In this embodiment, the vehicle pose information refers to position information and pose information of the vehicle, and the position information may be directly obtained through a Global Positioning System (GPS) mounted on the vehicle terminal, or obtained through a odometer mounted on the vehicle terminal, or obtained through a Simultaneous Localization and Mapping (SLAM) System, or obtained through other methods, which is not limited specifically. The posture information can be directly obtained by an inertial sensor carried by a vehicle terminal, can also be obtained by the calculation of multi-sensor fusion visual information, or can be obtained by other modes based on the constructed sparse semantic map estimation of the application, and can be selected according to the actual situation.

In a feasible implementation mode, the vehicle terminal carries out preprocessing on multi-frame image data, wherein the preprocessing at least comprises pixel brightness conversion, geometric conversion, local image smoothing, image enhancement and the like, so that the detectability of related information in the image data is enhanced, the data is simplified to the maximum extent, and the effects of improving the accuracy of subsequent feature extraction and semantic segmentation are achieved.

102. And performing semantic segmentation and contour extraction on each frame of image data to obtain a semantic contour of each frame of image data, wherein at least one semantic contour of each frame of image data corresponds to one semantic label.

The vehicle terminal can perform semantic segmentation on each frame of image data by adopting a deep learning algorithm to obtain processed initial image data, each pixel point in the initial image data carries a corresponding semantic label, and semantic contour extraction in each frame of image data is performed according to the semantic labels and a contour extraction algorithm.

In a possible implementation manner, after obtaining the initial image data through semantic segmentation, the vehicle terminal calculates a semantic gradient g (x, y) of each pixel point in a camera coordinate system according to a semantic label I (x, y) of each pixel point, where I (x, y) represents the semantic label at the pixel position (x, y), and obtains a semantic contour according to the semantic gradient of each pixel point and the corresponding semantic label, where a calculation formula of the semantic gradient of the position is as follows:

wherein, when g (x, y)! And =0, the position is the semantic contour, and the pixel point corresponding to the position is the semantic contour point.

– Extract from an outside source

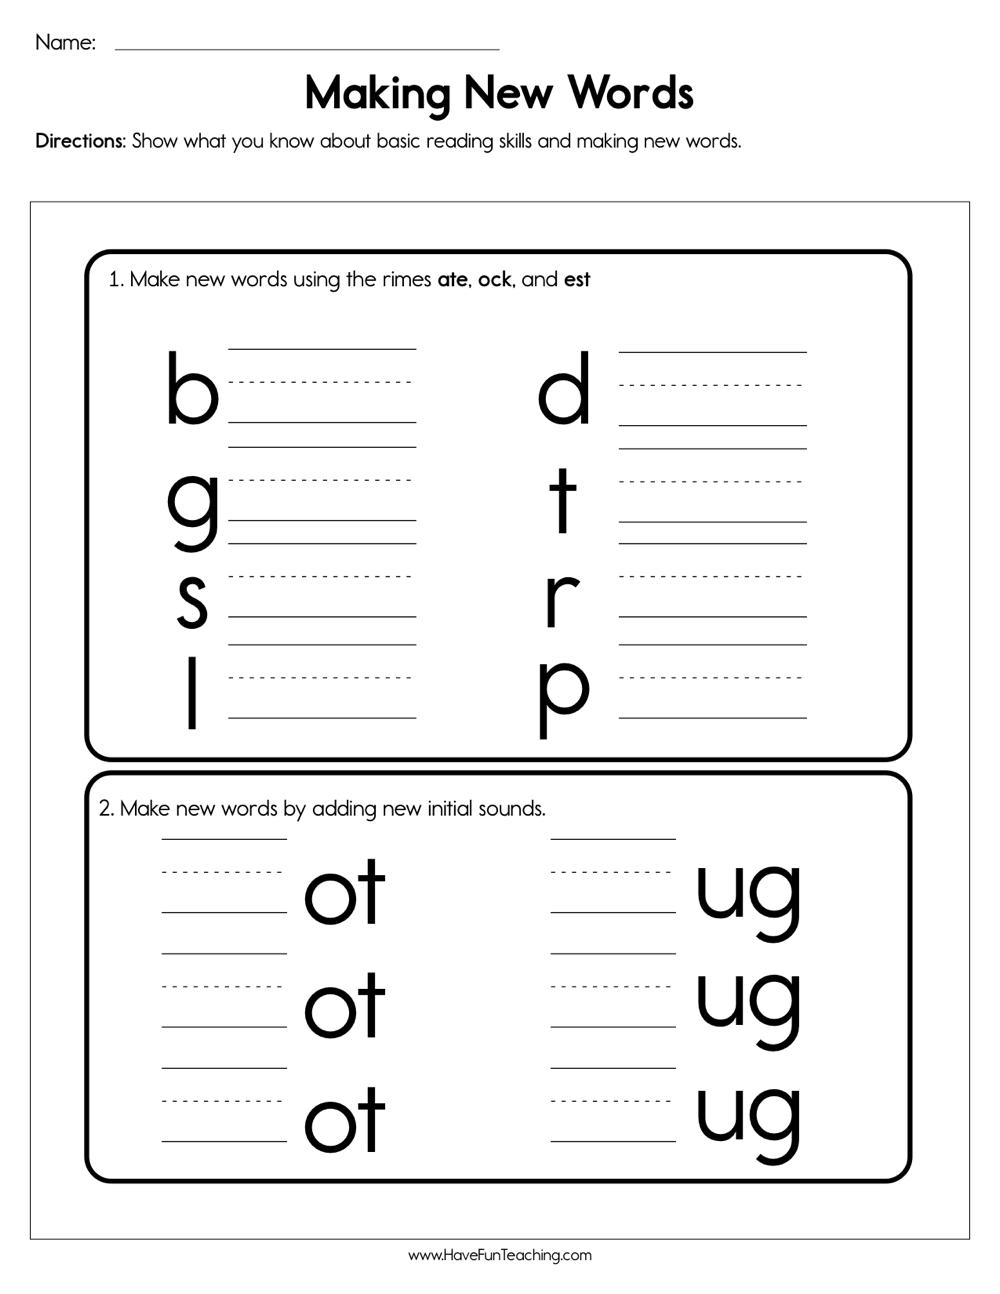 Making New Words Worksheet

103. And constructing an initial semantic map according to the semantic outline and the vehicle pose information of the initial frame image data.

The vehicle terminal constructs an initial semantic map according to initial frame image data, firstly, semantic contours in the initial frame image data are projected to a world coordinate system from a camera coordinate system by vehicle pose information to obtain the world coordinate of each semantic contour point, a hash table is constructed according to the world coordinate of each semantic contour point and preset grid side length, wherein the hash table comprises a grid index capable of determining a unique grid corresponding to the semantic contour point, the world coordinate system is accessed according to the grid index in the hash table to create a voxel grid, a semantic contour consisting of the voxel grids can be constructed, and then the initial semantic map formed by splicing a plurality of semantic contours is constructed.

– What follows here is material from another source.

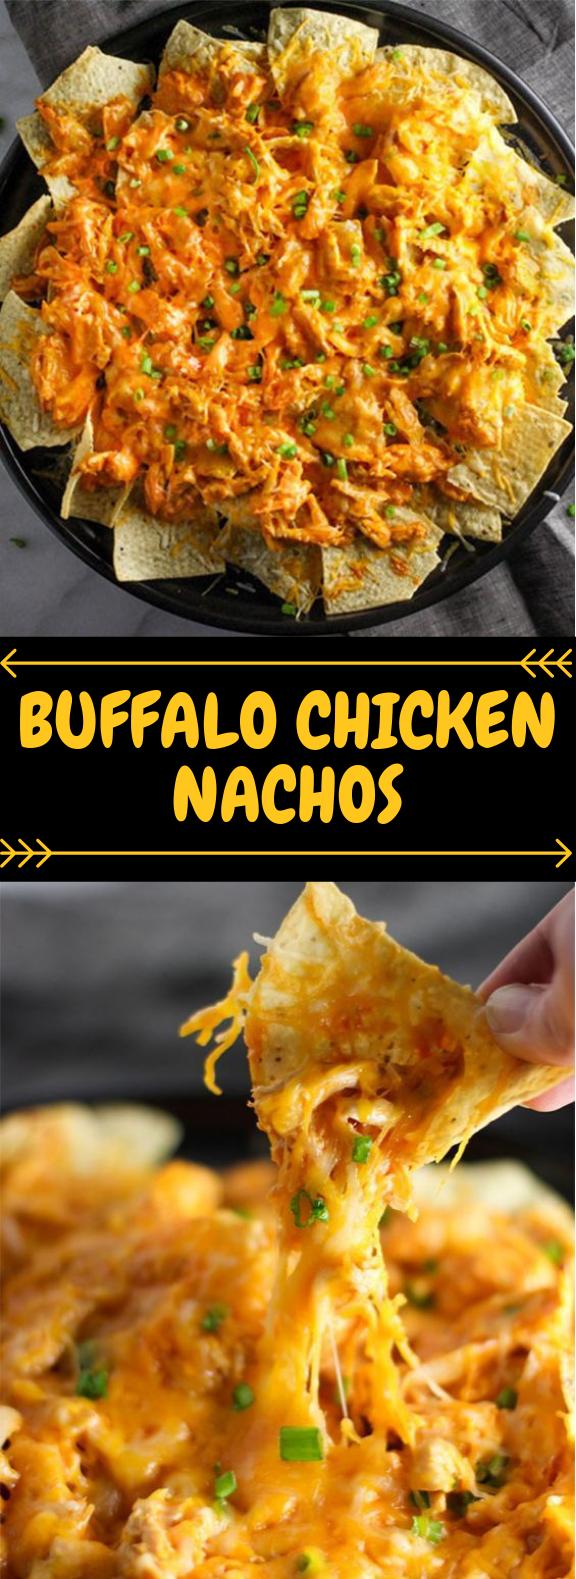 Buffalo Chicken Nachos #Appetizer #EasyRecipe

It should be further explained that the preset grid side length mentioned above can be set through actual conditions, so that one voxel grid includes one pixel point (semantic contour point) to determine the corresponding grid side length, and also one voxel grid includes a plurality of semantic contour points carrying the same semantic label to determine the corresponding grid side length. In a possible embodiment, the semantic contour points may be calculated according to a first edge length to obtain a first grid index, and when the semantic contour accesses a voxel grid in the world coordinate system through the first grid index, a corresponding first edge length voxel grid may be created, where the first edge length voxel grid may include a plurality of semantic contour points carrying the same semantic label, and the first edge length is not set too large, which may cause the semantic map to be too coarse, and the first edge length is too small, which may cause the waste of computing resources.

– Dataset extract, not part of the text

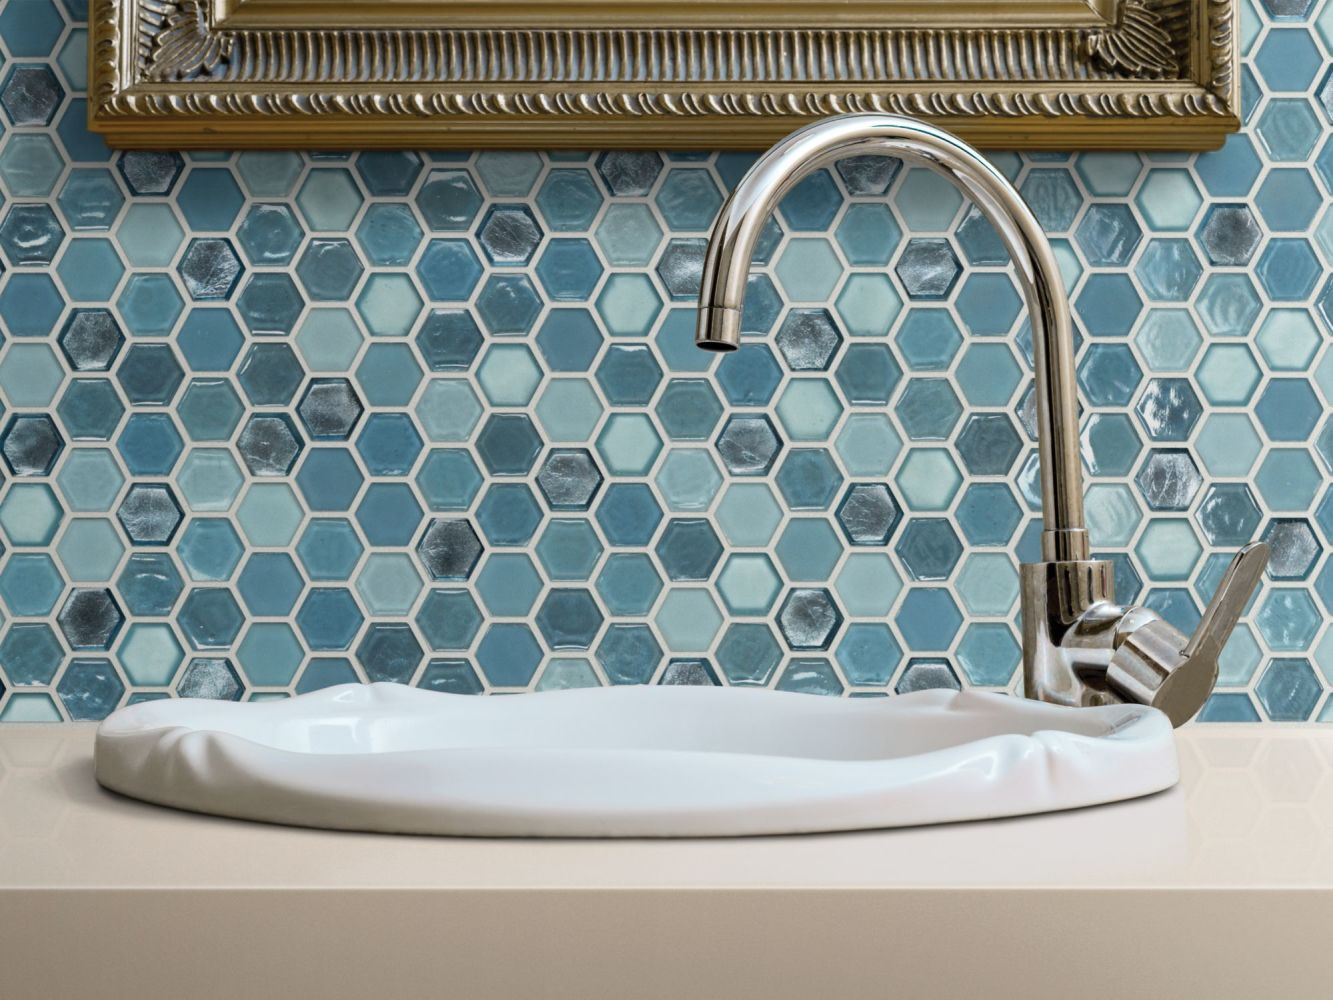 Shaw Floors Home Fn Gold Ceramic Molten Hexagon Glass Santorini 00400_TGJ82

When any first edge long voxel grid is accessed by semantic contour points carrying different semantic labels, deleting the first edge long voxel grid to obtain a corresponding voxel grid, wherein the semantic contour points carrying different semantic labels at least comprise a first semantic contour point carrying a first semantic label and a second semantic contour point carrying a second semantic label; calculating according to the world coordinate of the first semantic contour point and the world coordinate of the second semantic contour point and a preset second side length to obtain a second grid index, wherein the second side length enables the semantic contour points carrying different semantic labels to be just positioned in different voxel grids, the world coordinate is accessed according to the second grid index corresponding to the first semantic contour point and the second grid index corresponding to the second semantic contour point respectively, a corresponding second side length voxel grid is created, and the probability corresponding to the corresponding semantic label is initialized and stored; the first side length voxel grid and the second side length voxel grid are output as an initial semantic map, the initial semantic map obtained by the method can save computing resources, and the semantic map can be quickly constructed while the richness of the semantic map details is considered.

104. And updating the initial semantic map according to the subsequent frame of image data and the vehicle pose information corresponding to each frame of image data to obtain a sparse semantic map.

The vehicle terminal projects semantic outlines in the subsequent frame image data to a world coordinate system, the initial semantic map is updated according to preset updating rules to obtain a sparse semantic map, the updating rules in the embodiment comprise reward rules, punishment rules and self-attenuation rules, the semantic map constructed by the previous frame image data (such as the initial frame image data) is updated by the subsequent frame image data (such as the first subsequent frame image data) according to the reward rules and the punishment rules to obtain a first semantic map, and the first semantic map is updated according to the self-attenuation rules after the updating of the voxel grid of the previous frame image data is completed to obtain the sparse semantic map.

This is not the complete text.